A biodigester is a system that literally digests organic material but is a closed system and therefore does not emit odours or attract flies or other pests.
With our current power crisis, I believe there is massive scope for developing the biogas industry. This is especially true in poorer communities or rural areas where there would be huge benefits from decreasing dependence on the national energy grid. There is not enough being done to create awareness of this technology as a viable alternative for power generation, and there is no regulatory framework to support the development of the technology.
In 2016, a project was launched by the University of Fort Hare and the Eastern Cape local government that saw the installation of 28 biogas digesters in villages in the Alice district. Several similar projects have been launched in rural schools and communities around South Africa, with mixed long-term success.

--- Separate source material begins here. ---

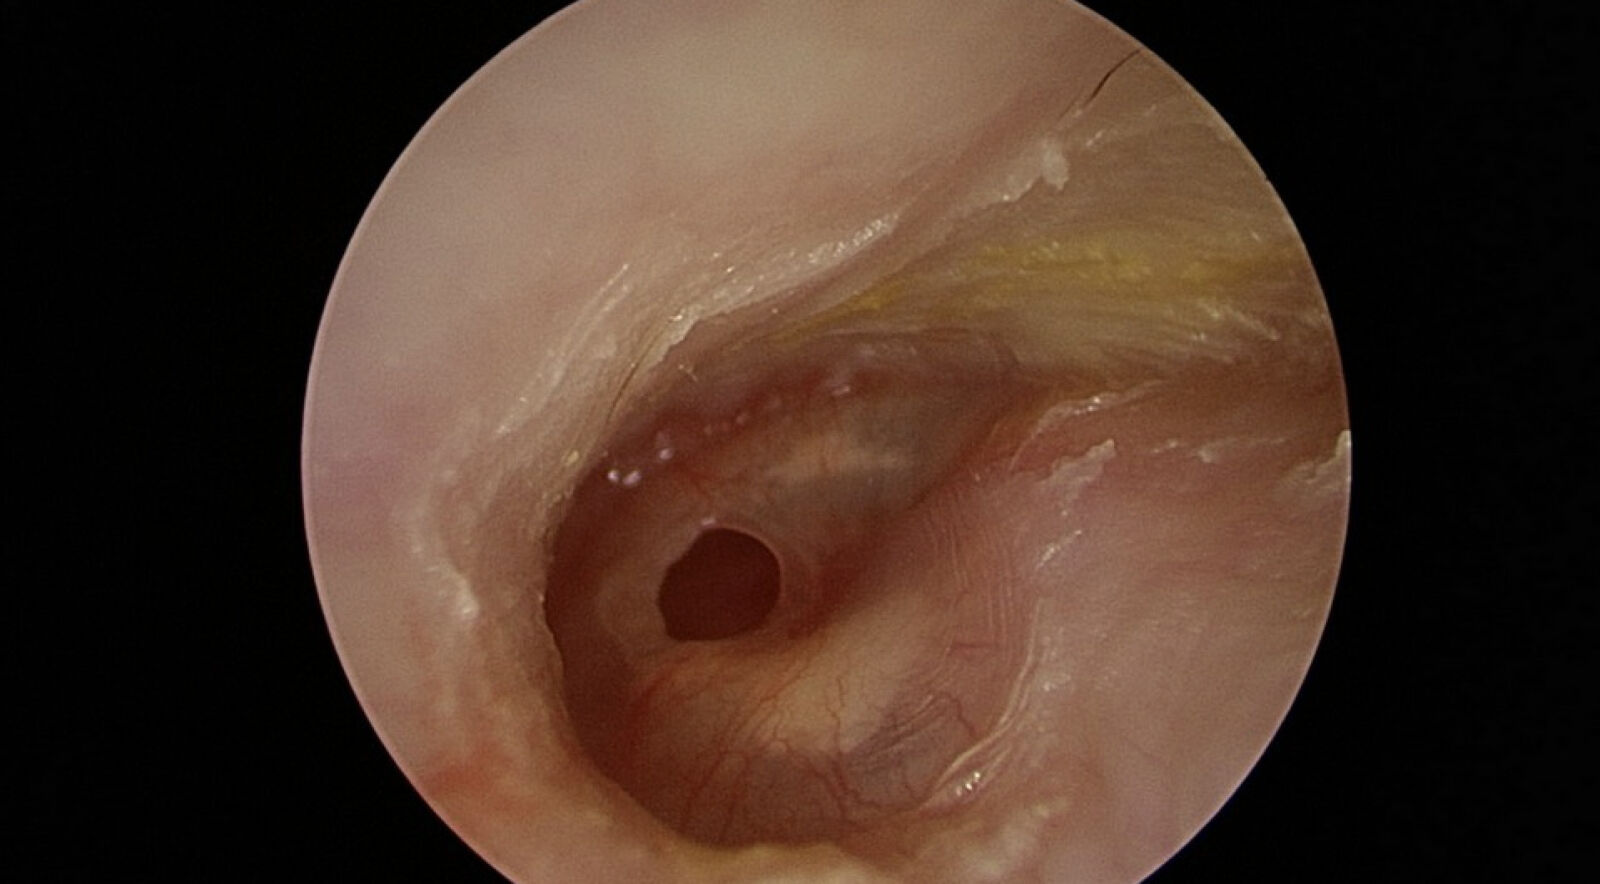 婦人接連感冒竟「聽不清、耳流湯」 醫師一看耳膜破大洞了 15

We need to take the biogas industry to new heights in this country in service of a greener economy. The benefits are significant, not only in terms of reducing emissions but also in a more reliable form of power generation when we are experiencing increasing blackouts. Biogas digesters are applicable in rural communities and urban and suburban contexts for domestic and industrial use. A more decisive legislative framework, increased access to the technology, greater awareness and a change of mindset will help boost biogas production, which could be an energy game-changer in South Africa.